Zhang Keke
by Zhang Keke
3 min read

Categories

Tags

Recap of Martin Zinkevich’s blog Best Practices for ML Engineering


Before Machine Learning

Do machine learning like the great engineer you are, not like the expert you aren't.

Machine learning is all of Engineering. ML is limited, but engineering is not. Engineering’s destiny is to quantify problems then solve it. In this case, the first target is how to quantify problems — Design metrics.

  • 1: Don’t be afraid to launch a product without machine learning.
  • 2: Make metrics design and implementation a priority.
  • 3: Choose machine learning over a complex heuristic.

    ML Phase I: Your First Pipeline

  • 4: Keep the first model simple and get the infrastructure right.
  • 5: Test the infrastructure independently from the machine learning.
  • 6: Be careful about dropped data when copying pipelines.
  • 7: Turn heuristics into features, or handle them externally.

    stand on giant’s shoulders

Monitoring

  • 8: Know the freshness requirements of your system.

    How fast you will lost revenue with time goes by.How open you should update your model

  • 9: Detect problems before exporting models.
  • 10: Watch for silent failures.

    Track statistics of Data, before preprocessing and feeds

  • 11: Give feature sets owners and documentation.

    Your First Objective

  • 12: Don’t overthink which objective you choose to directly optimize.
  • 13: Choose a simple, observable and attributable metric for your first objective.

  • 14: Starting with an interpretable model makes debugging easier.

  • 15: Separate Spam Filtering and Quality Ranking in a Policy Layer.

    ML Phase II: Feature Engineering

  • 16: Plan to launch and iterate.
  • 17: Start with directly observed and reported features as opposed to learned features.

  • 18: Explore with features of content that generalize across contexts.
  • 19: Use very specific features when you can.
  • 20: Combine and modify existing features to create new features in human understandable ways.
  • 21: The number of feature weights you can learn in a linear model is roughly proportional to the amount of data you have.
  • 22: Clean up features you are no longer using.

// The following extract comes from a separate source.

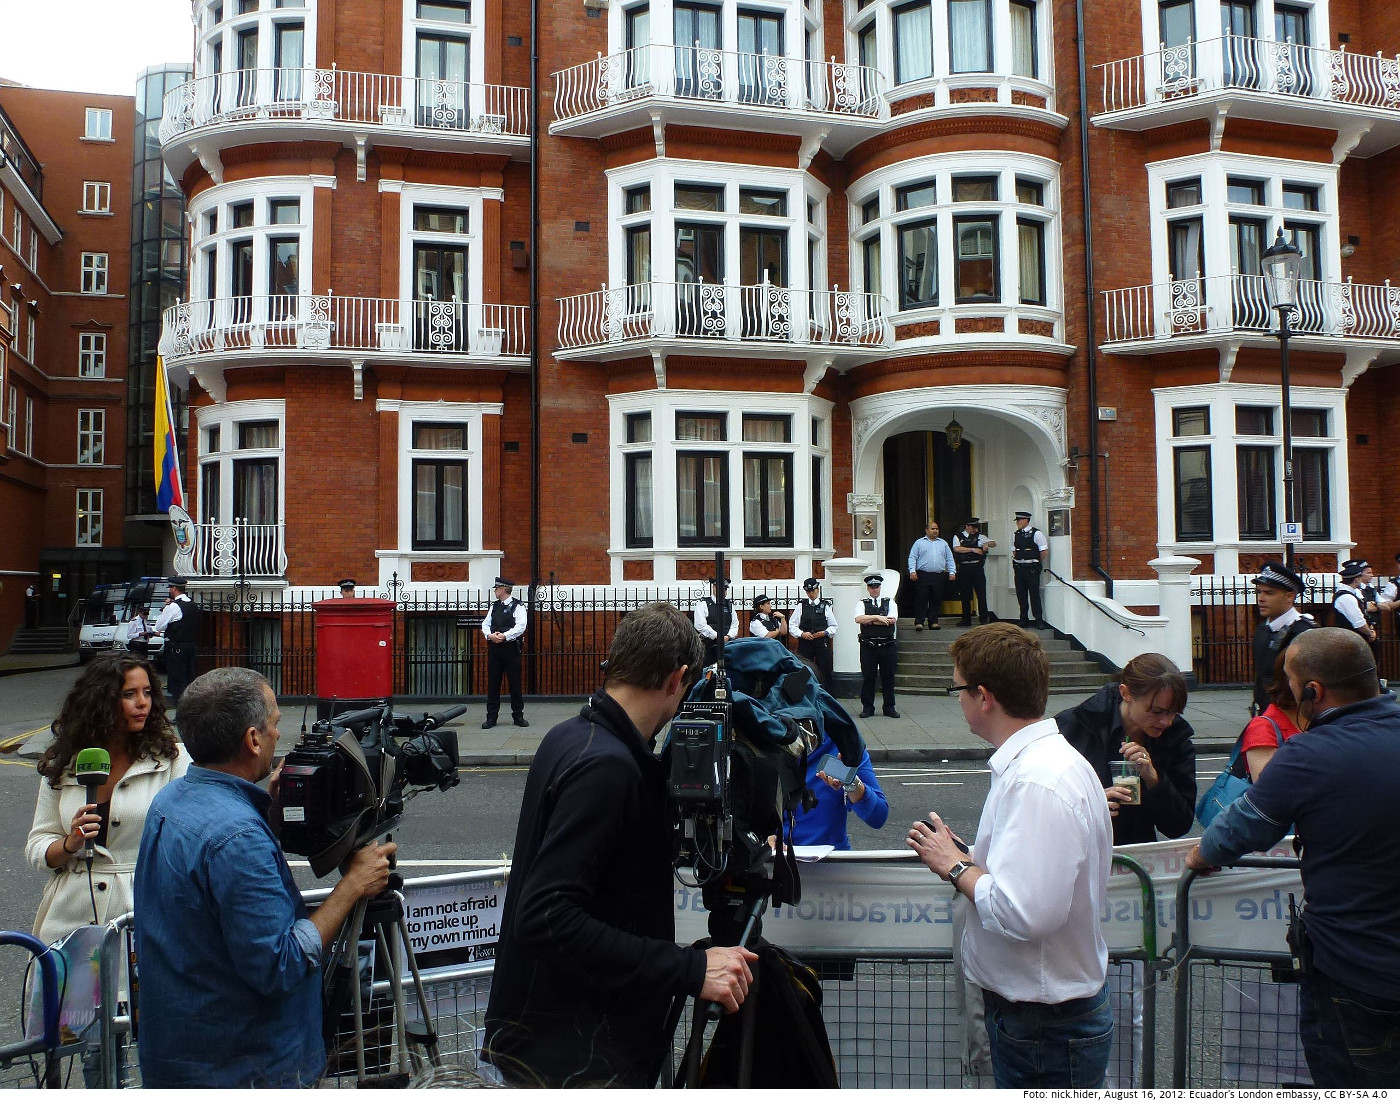 Medienvertreter vor der ecuadorianischen Botschaft in London am 16. August 2012. Foto: nick.hider​​​​​​​, August 16, 2012: Ecuador's London embassy; CC BY-SA 4.0

    Unused features create technical debt

Human Analysis of the System

  • 23: You are not a typical end user.
  • 24: Measure the delta between models.
  • 25: When choosing models, utilitarian performance trumps predictive power.
  • 26: Look for patterns in the measured errors, and create new features.
  • 27: Try to quantify observed undesirable behavior.

    Quantify bad part and improve it. Again, Metric is the first important thing At this point, they should do whatever it takes to turn their gripes into solid numbers.

  • 28: Be aware that identical short term behavior does not imply identical long term behavior.

    Training-Serving Skew

    The best solution is to explicitly monitor it so that system and data changes don’t introduce skew unnoticed.

  • 29: The best way to make sure that you train like you serve is to save the set of features used at serving time, and then pipe those features to a log to use them at training time.
  • 30: Importance weight sampled data, don’t arbitrarily drop it!
  • 31: Beware that if you join data from a table at training and serving time, the data in the table may change.
  • 32: Reuse code between your training pipeline and your serving pipeline whenever possible.
  • 33: If you produce a model based on the data until January 5th, test the model on the data from January 6th and after.

    use next-day data

  • 34: In binary classification for filtering (such as spam detection or determining interesting emails), make small short term sacrifices in performance for very clean data.
  • 35: Beware of the inherent skew in ranking problems.
  • 36: Avoid feedback loops with positional features.
  • 37: Measure Training/Serving Skew.

    Training data, validation data, test data(next data), live data.

ML Phase III: Slowed Growth, Optimization Refinement, and Complex Models

  • 38: Don’t waste time on new features if unaligned objectives have become the issue.
  • 39: Launch decisions will depend upon more than one metric.
  • 40: Keep ensembles simple.
  • 41: When performance plateaus, look for qualitatively new sources of information to add rather than refining existing signals.
  • 42: Don’t expect diversity, personalization, or relevance to be as correlated with popularity as you think they are.
  • 43: Your friends tend to be the same across different products. Your interests tend not to be.